Are there any non-human animals that have been observed killing other animals, not for food, but just to amuse themselves?
Do any non-human animals torture other species for the sole purpose of entertainment?
Thanks.
Are there any non-human animals that have been observed killing other animals, not for food, but just to amuse themselves?
Do any non-human animals torture other species for the sole purpose of entertainment?
Thanks.
I don’t know if this counts, but my cat has been seen playing with her prey before she finally does them in. I have seen her batting mice around as if they were a ball.
I don’t think it’s quite in the spirit of your question, though.
My cat.
She tortures the shit out of mice, stomping on them and batting them around before stalking off and leaving them broken and bleeding to die (or for me to put them out of their misery). This is apparently quite common in domesticated cats that aren’t constantly hungry. Domestic dogs are also known to chase and kill sheep and lambs without eating them.
Orca have also been observed playing ‘tennis’ with seals, though this site asserts that:
How do you propose we determine the motive for an animal’s actions? I think you are perhaps ascribing human emotions to a non-human.
An acquaintance of ours has a sheep farm. They have Great Pyrenese to patrol the perimeter and to protect the sheep.
In their experience, coyotes were fine (more or less). They would kill a sheep, haul it away, and eat it.
However pack of wild dogs were another issue. These were dogs that were once domesticated, but were now out on their own. They would kill several sheep and eat not eat any.
It would seem that they were killing for pleasure.
Tinker
I saw a National Geographic special on House Cats and their hunting methods.
It was amazing! Some cats kill, just for the pleasure! They (NG) asked people to collect all of the “bodies” that their cats brought home or left on the ground. One lady collected close to 100 bodies in a 30 day period from her cat. They included, mice, birds, rabbits, etc!

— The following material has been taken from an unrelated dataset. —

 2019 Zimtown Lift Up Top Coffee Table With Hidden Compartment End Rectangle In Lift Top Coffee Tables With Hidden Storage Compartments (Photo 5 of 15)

I know I had a siamese cat that wipped out our wild rabbit population on my parents property!
MtM
Cats.
Cats and dogs. I’ve read accounts of wolves killing for fun as well. I suspect that most well fed carnivores and omnivores with access to the right prey would do it just for practice/fun.

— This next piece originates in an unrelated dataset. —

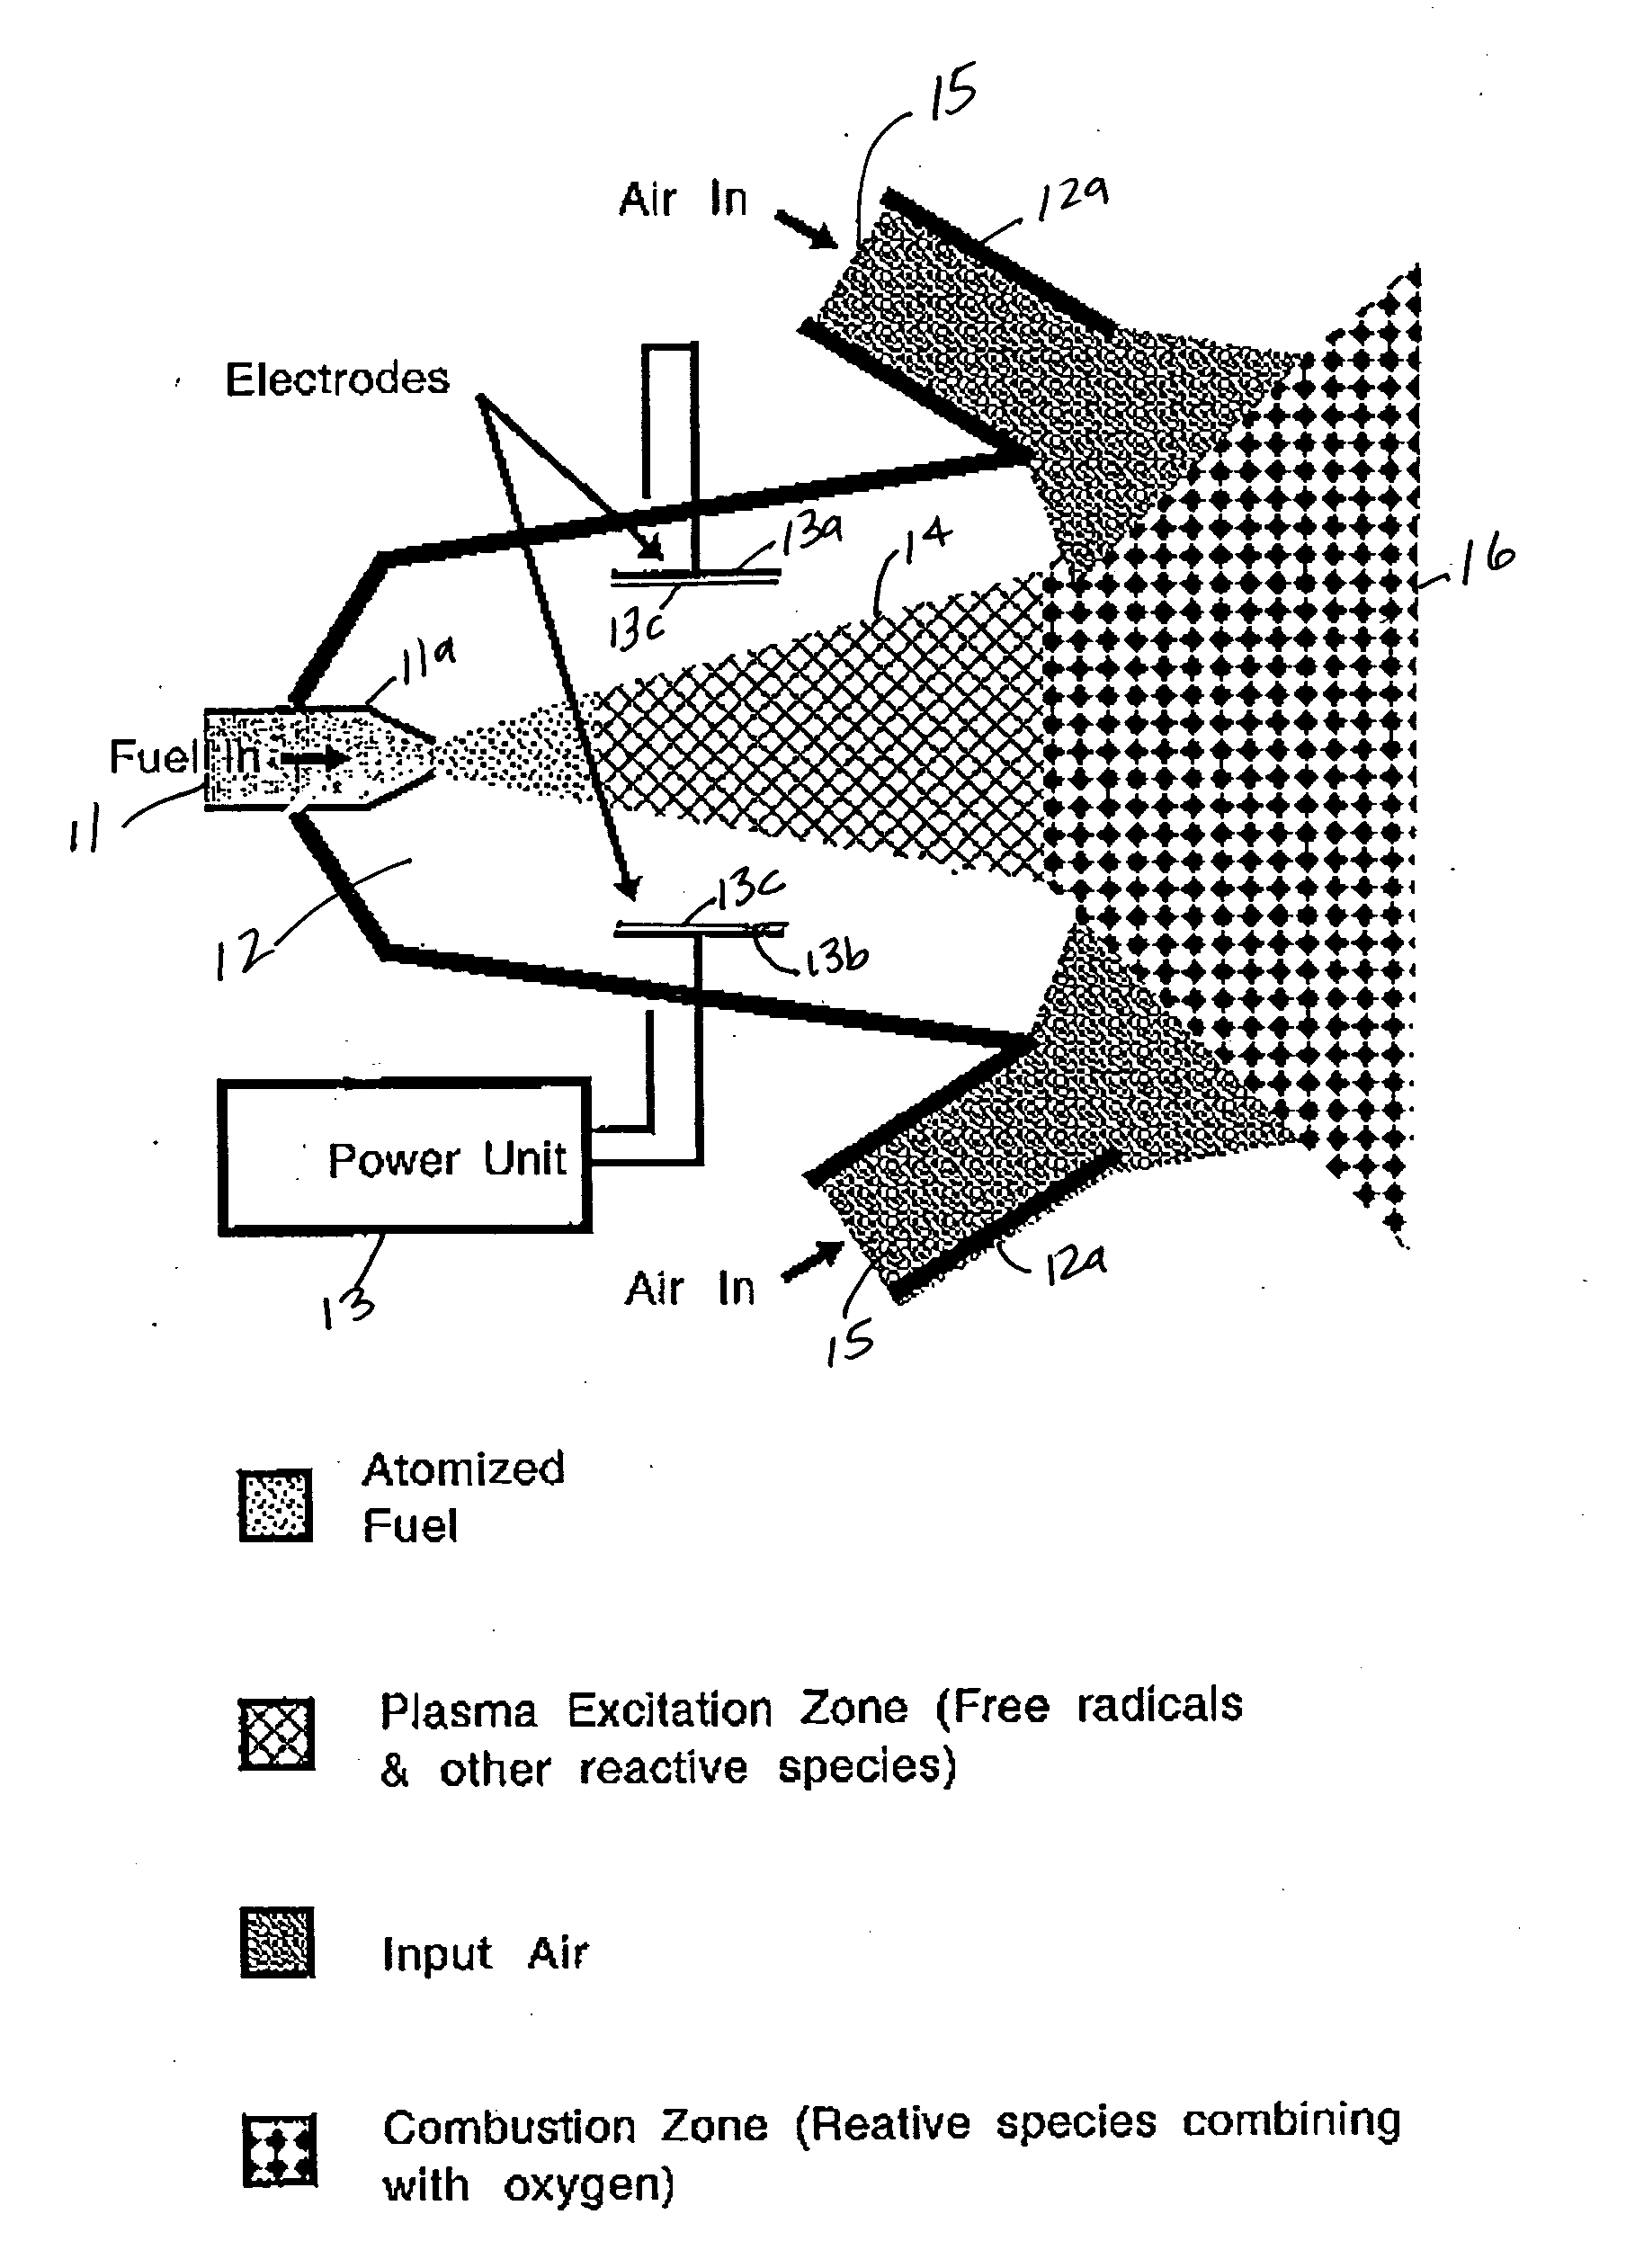 Plasma catalytic fuel injector for enhanced combustion

This will be embarrassingly vague because I saw it a long time ago on TV (maybe a National Geographic…
In some unremembered locale, there were two monkey (or chimpanzee) populations - call them A and B - that a research team was watching. The researchers left the area for a short time, and upon returning, they found that population A had murdered all, or damn near all, of population B. The scientists were at a loss to explain it - I think. Maybe they came up with an explanation.
If enough Dopers read this, I am certain some will remember this documentaryand will recount the tale much more accurately than I did.
Here in CT, a neighbor’s dog “George” was ´the area bully of other dogs.
One day George came on our property and bit the hell out of my dog. No reason. It was something to do. If I hadn´t intervened George would have killed Rommel, my German short-haired pointer.
(The owner paid the vet bills, and soon after got rid of George.)
This argument has always bothered me. When I follow it to its conclusion, it ends up condemning humans for having free will.
Jane Goodall observed a chimpanzee named Passion and her daughter Pom, who would steal, kill, and sometimes eat other chimpanzee’s offspring. Also, the group of chimpanzees once split into two groups. The males of the larger group systematically hunted and killed all the males of the smaller one. I don’t think they ate the remains.
Sure cats play with their food or sometimes just kill and don’t eat, but that is, arguable part of their instinct. Wild dogs have similar instincts.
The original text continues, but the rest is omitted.